▸ WHAT YOU WILL DO: Leave out pictures; repeat exactly the lines from the "Best Wallpaper: Night City Lights Wallpapers" line through the last of the data below.

[DATA SECTION]

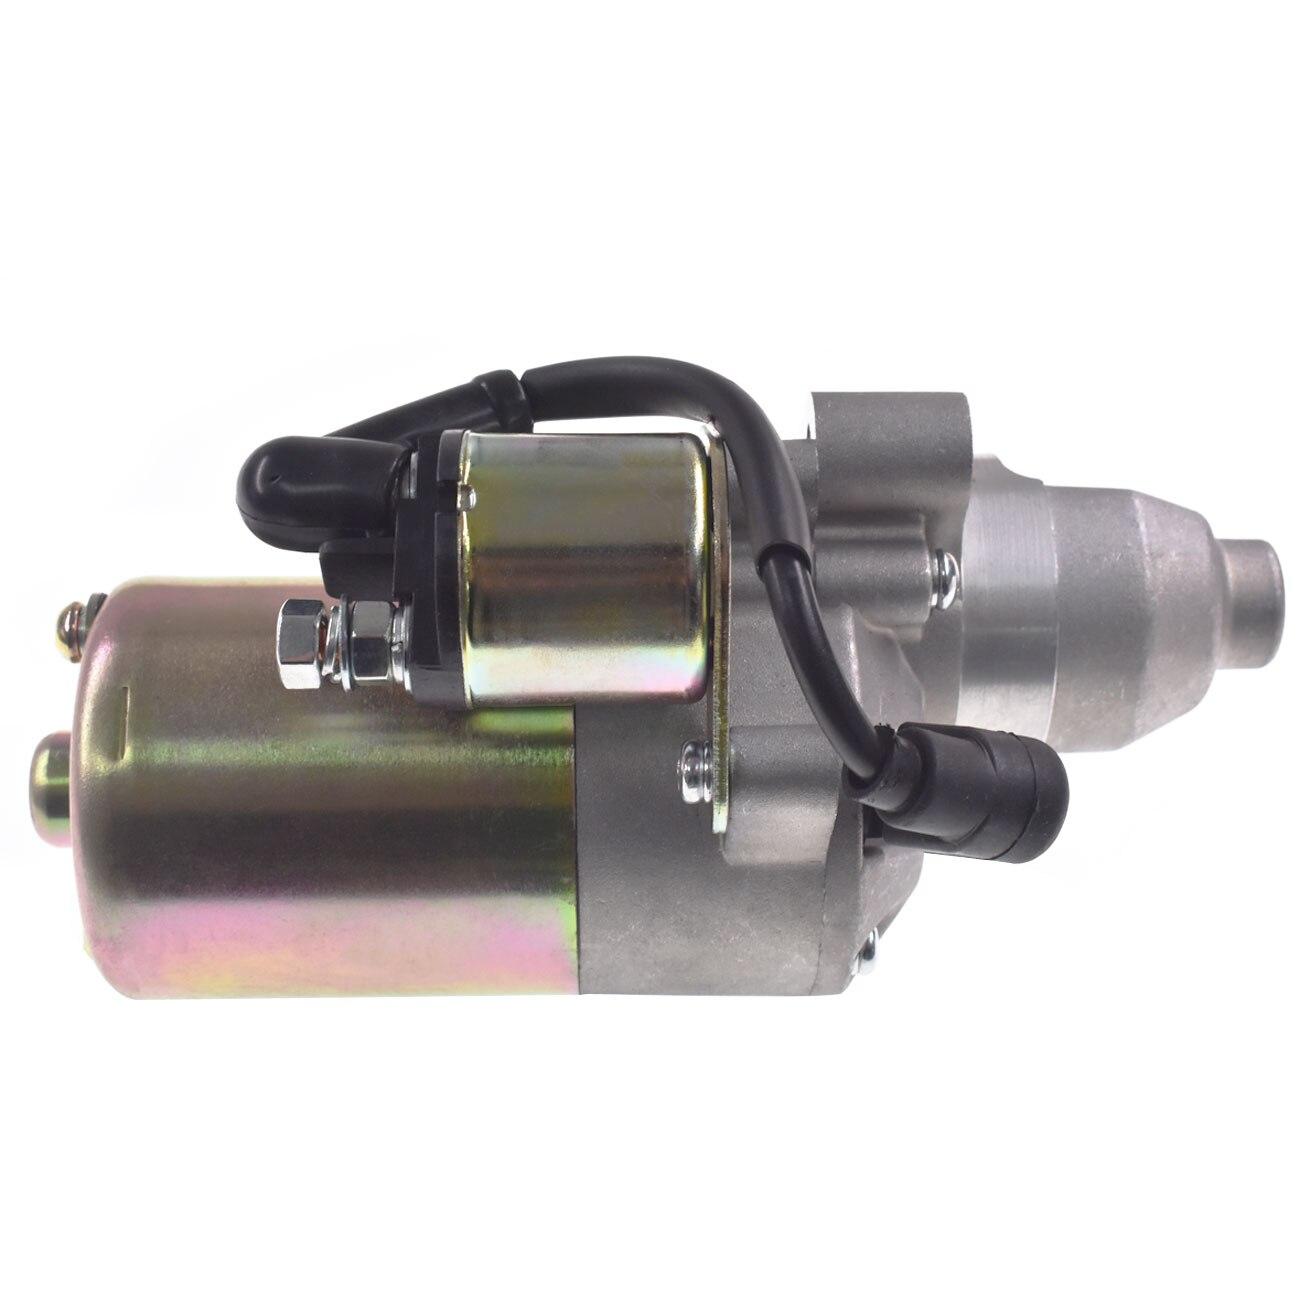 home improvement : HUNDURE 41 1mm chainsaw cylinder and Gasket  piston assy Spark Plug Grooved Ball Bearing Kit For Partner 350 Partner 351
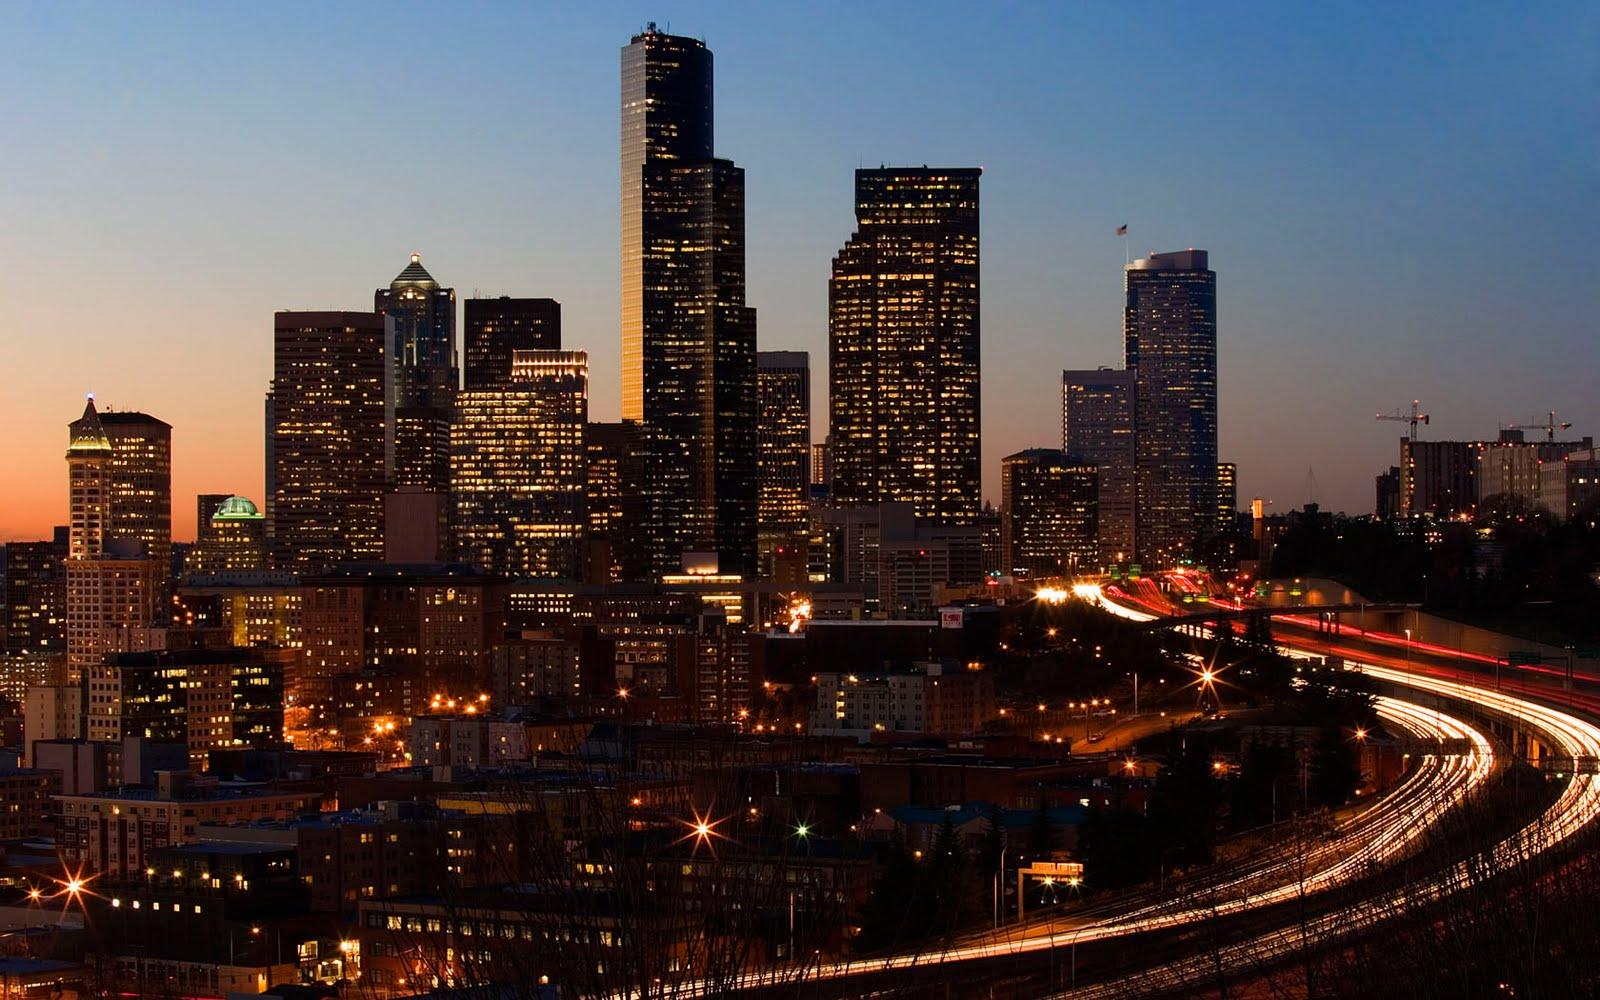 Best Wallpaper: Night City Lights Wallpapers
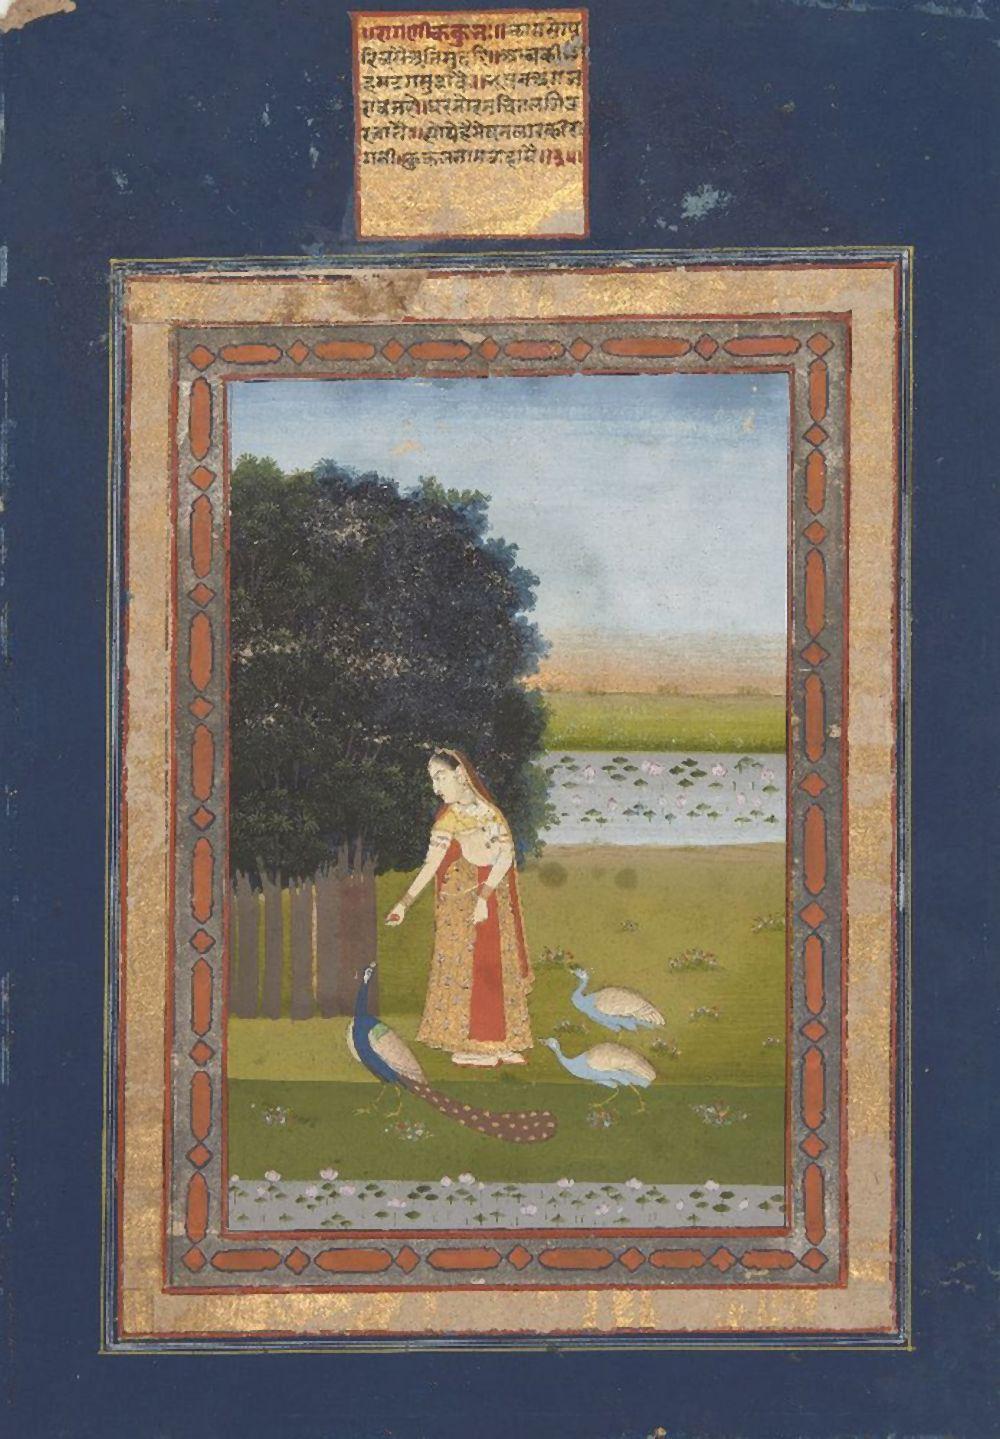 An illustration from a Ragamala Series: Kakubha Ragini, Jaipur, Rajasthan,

[/DATA SECTION]

▸ OUTPUT FOR THIS EXERCISE:
 Best Wallpaper: Night City Lights Wallpapers
 An illustration from a Ragamala Series: Kakubha Ragini, Jaipur, Rajasthan,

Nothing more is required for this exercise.